#include<stdio.h>
void main(){
  char str[100];
  char letter;
  letter=getchar();
  printf("%c",letter);
  gets(str);
  //Rest of code
}

On execution, the code skips the gets(str) line. But when I replace gets by scanf, it works. Any specific reason why that doesnt work? I am using gcc 4.7.2.

The first call to getchar() leaves a newline character in the input buffer. The next call gets() considers that newline as end of input and hence doesn't wait for you to input.

Consume the newline character using another getchar().

 ...
 letter=getchar();
 getchar(); // To consume a newline char left
 printf("%c",letter);
 fgets(str, sizeof str, stdin);

Note: gets() is dangerous as its vulnerable against buffer overflow. So use fgets() instead.

as answered above when you read a character from statndard input the enter you hit after this is placed in stdin buffer which was read by gets() in your case . that is why gets() is not waiting for input.

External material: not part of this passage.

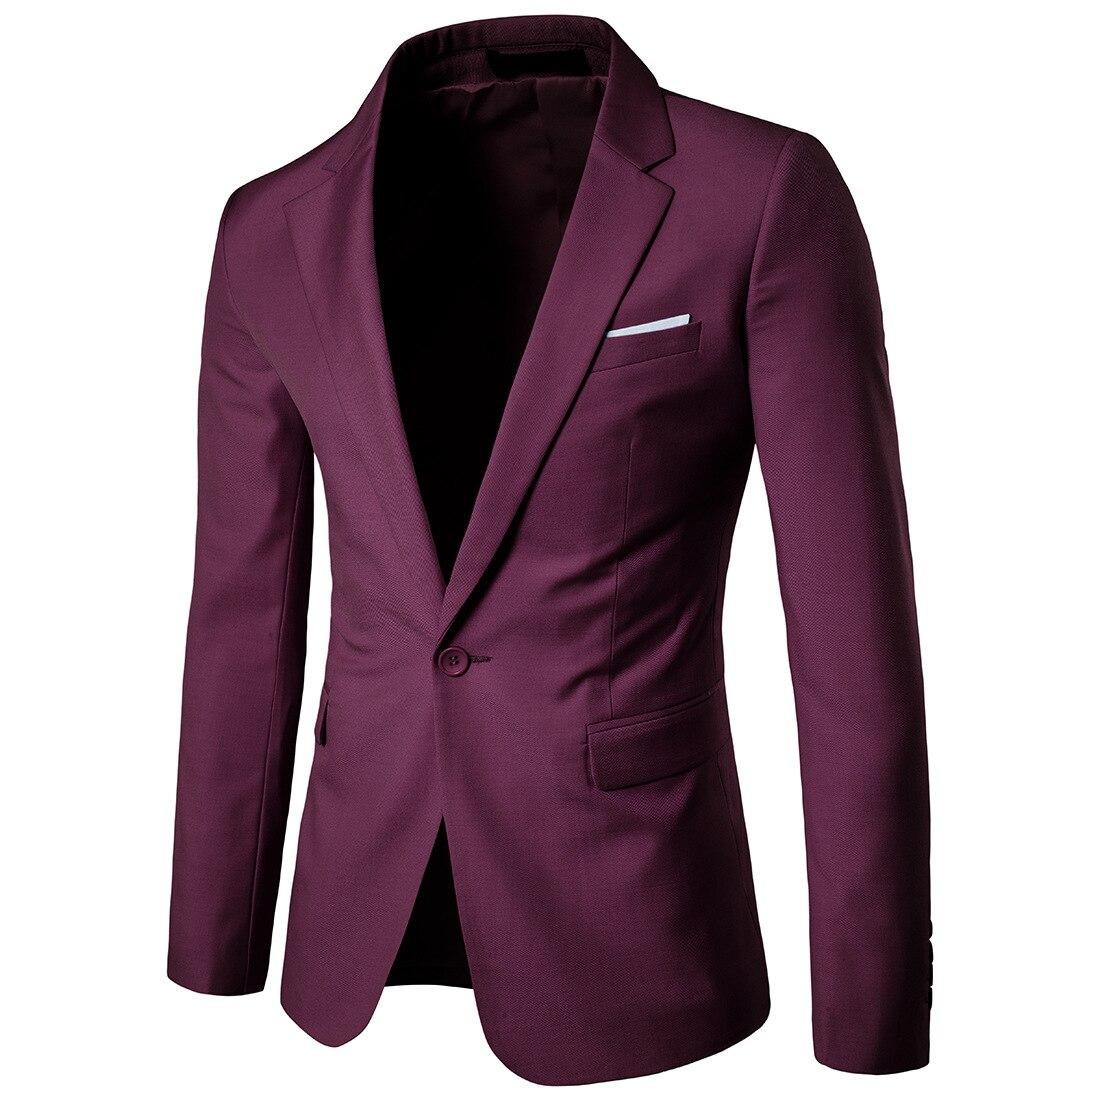 2019 Business Leisure Suit Lang Best Man Wedding One-Button Suit Jacket Men'S Wear Navy Xf001 West

you can use fflush(stdin) to clear the input buffer after reading the character .

getchar() leaves a trailing line feed character '\n' in stdin. When you call gets(), it reads until it encounters such a line feed character, which it discards. Since the first character it reads is '\n', it immediately stops there.

The solution is to make a dummy read to discard the line feed character:

#include <stdio.h>

int main ()
{
  char str[100];
  char letter;

  letter=getchar();
  getchar();

  printf("%c",letter);

  gets(str);
  return 0;
}

Please note that void main() is not valid C (unless you are developing a free running embedded system, which seems unlikely in this case). More info here.

Please note that the gets() function is no longer part of the C language, it was removed with the C11 version of the standard. Use fgets() instead.